Один раз он приехал в Вернон повидаться с братом и, встретившись на мосту с полковником Понмерси, узнал в нем незнакомца, которого видал в церкви. Он рассказал о нем брату, и оба они под каким-то предлогом отправились с визитом к полковнику. За этим визитом последовали другие. Полковник, вначале очень сдержанный, постепенно рассказал все, и таким образом кюре и староста узнали его историю, узнали, что он пожертвовал своим счастьем ради будущего ребенка. После этого кюре почувствовал глубокое уважение и нежность к полковнику, а тот, с своей стороны, полюбил кюре. Никто не сближается так легко, как старый священник и старый солдат, если оба они добрые и искренние люди. В сущности это одно и то же. Один посвящает себя земной отчизне, другой — небесной. Вот и вся разница.
Два раза в год, первого января и в день святого Георгия, Мариус присылал своему отцу чисто официальные письма, которые диктовала ему тетка и которые были, казалось, списаны с какого-нибудь письмовника. Это все, что допускал Жильнорман. Отец, с своей стороны, отвечал полными глубокой нежности посланиями, которые, впрочем, дед, не читая, преспокойно засовывал в карман.
III.
Requiescant[68]
В салоне госпожи Т. заключался для Мариуса весь свет. Это было единственным окном, через которое он мог видеть жизнь. Но это окно было темно, и через него проникало больше холода, чем тепла, виднелась чаще ночь, чем день. Этот ребенок, полный радости и света при вступлении в мир, скоро стал печальным и, что еще менее подходило к его возрасту, серьезным. Окруженный всеми этими величественными, странными фигурами, он с удивлением глядел вокруг себя. Все как бы соединилось, чтобы усилить в нем это изумление. В салоне госпожи Т. бывали старые, знатные, очень почтенные дамы, называвшиеся разными библейскими именами. Эти старые лица и библейские имена смешивались в уме мальчика с историей Ветхого Завета, которую он учил наизусть. Когда все эти дамы собирались и сидели у догорающего камина, слабо освещенные лампой под зеленым абажуром, со своими строгими профилями, с седеющими или совсем седыми волосами, в длинных платьях самых мрачных цветов, сшитых по моде прошлого века, когда они произносили время от времени торжественные и суровые слова, маленький Мариус испуганно смотрел на них, думая, что видит не женщин, а патриархов и волхвов, не живые существа, а призраки.

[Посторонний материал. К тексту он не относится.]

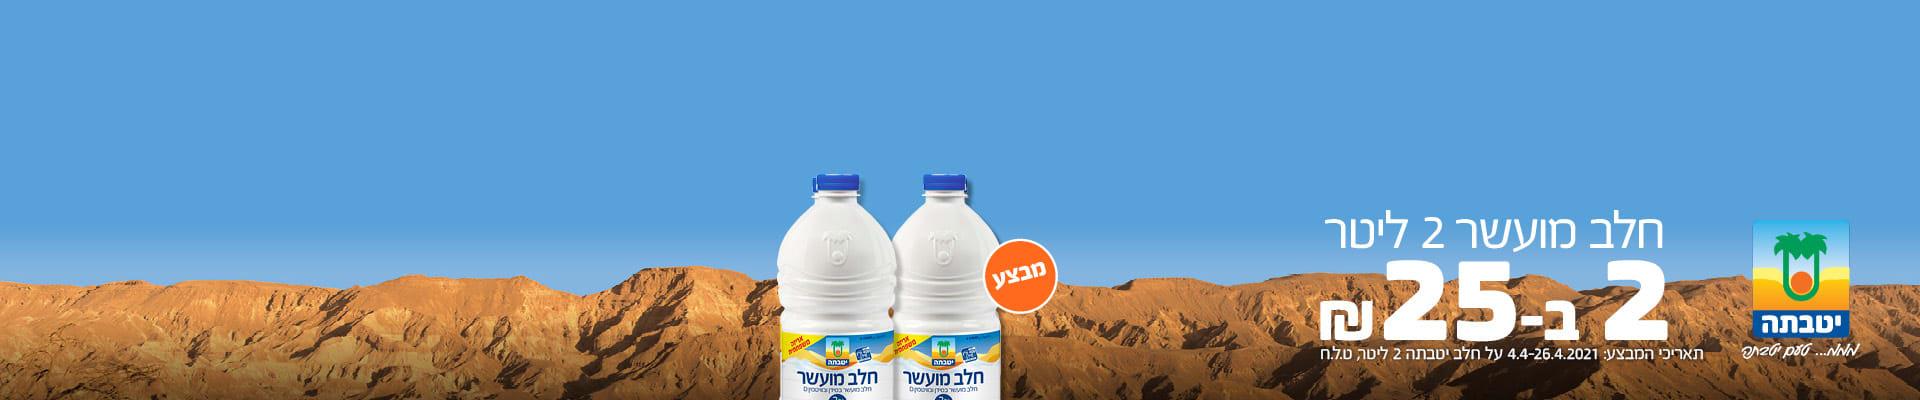 מבצע יטבתה מממ.... טעם יטבתה חלב מועשר 2 ליטר 2 ב- 25 ₪ תאריכי המבצע: 4.4-26.4.2021 על חלב יטבתה 2 ליטר , ט.ל.ח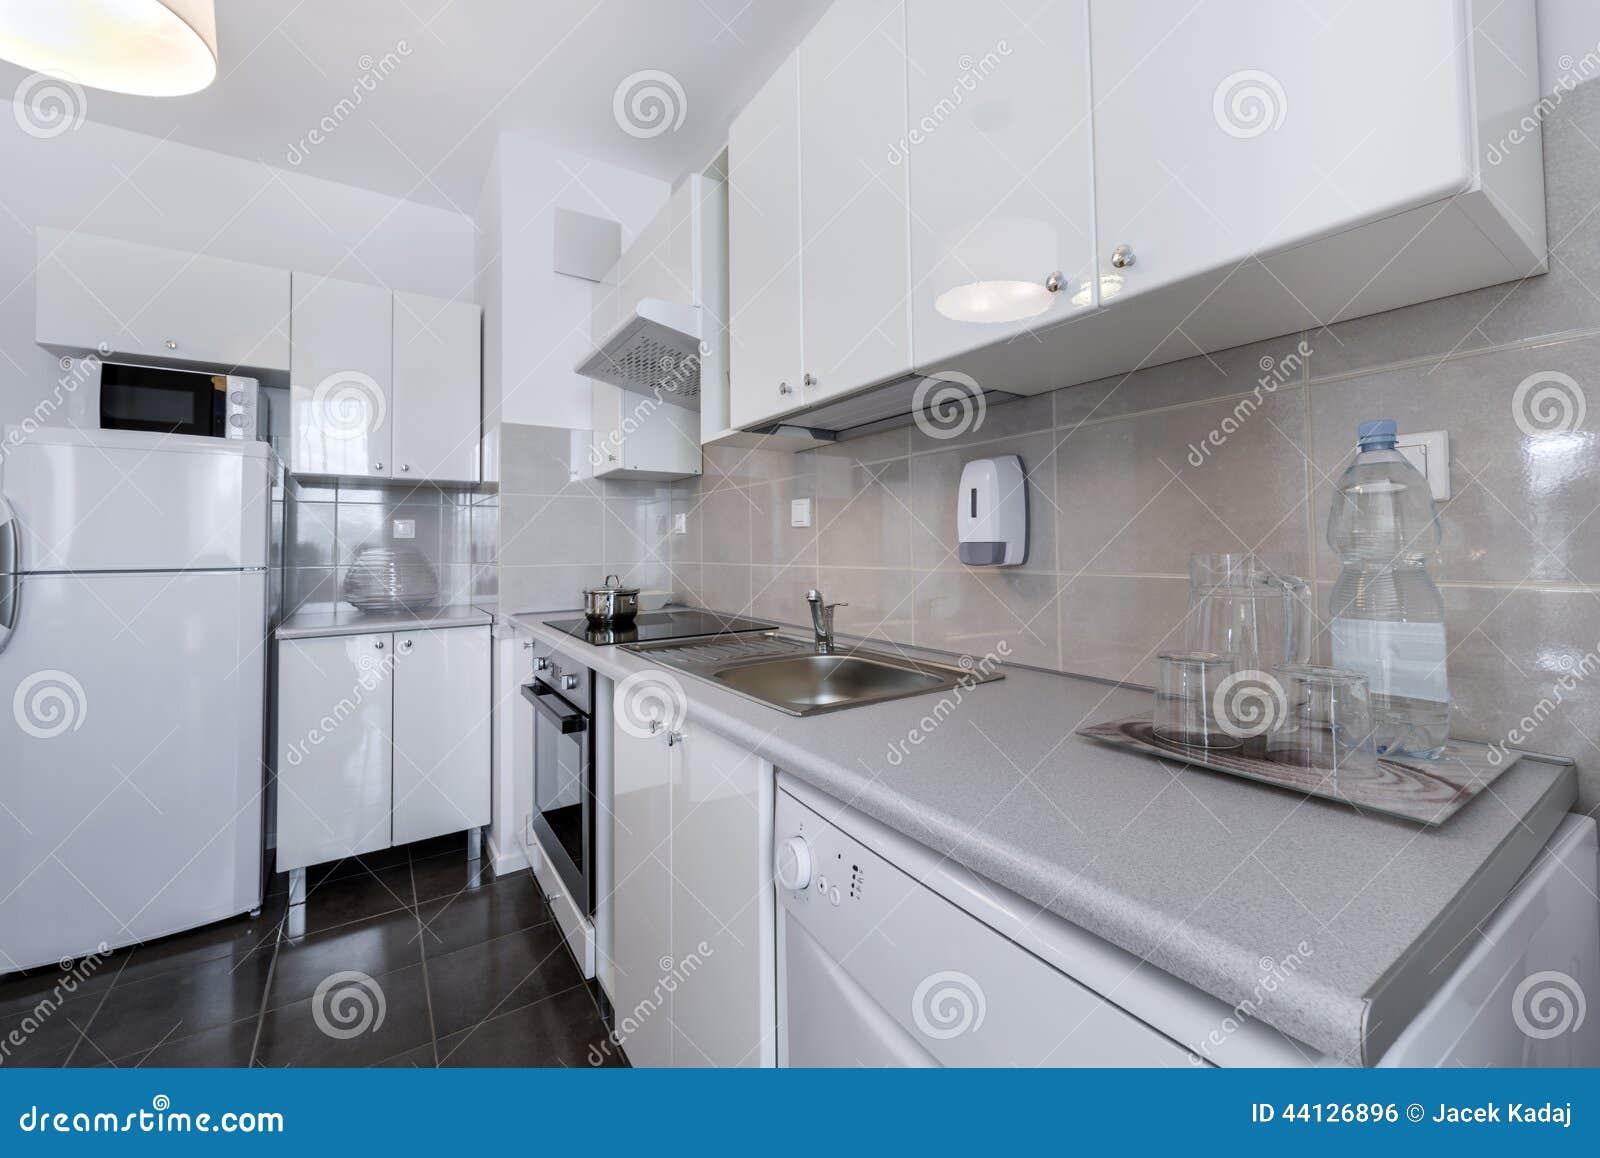 Blanc conception int rieure moderne petite cuisine for Conception cuisine 2d

К этим призракам примешивалось довольно много духовных лиц, постоянных посетителей этого старинного салона, и несколько знатных Дворян: маркиз де Сассенэ, личный секретарь г-жи де Берри, виконт Де Валери, печатавший оды под псевдонимом Шарля-Антуана, принц Де Бодофремон, еще довольно молодой, но уже седеющий, приезжавший с хорошенькой остроумной женой, сильно декольтированные туалеты которой из алого бархата с золотыми витыми шнурами разгоняли окружающий мрак салона, маркиз Кориолис д'Эспинус, в совершенстве изучивший тайну «учтивости в меру», граф д'Амандр, старичок с добродушным подбородком, и шевалье де Пор де Гюи, столп Луврской библиотеки, называемой кабинетом короля. Шевалье де Пор де Гюи, лысый и прежде времени состарившийся, любил рассказывать, как в 1793 году, когда он был шестнадцатилетним юношей, его сослали на галеры за то, что он не хотел дать присягу, и сковали с восьмидесятилетним епископом Мирпуа, тоже не пожелавшим присягать. Это было в Тулоне. На их обязанности лежало подбирать по ночам около эшафота головы и тела гильотинированных днем, они уносили на спине эти трупы, из которых лилась кровь, и на их красных арестантских куртках образовалась сзади на вороте запекшаяся корочка крови, сухая утром и влажная вечером.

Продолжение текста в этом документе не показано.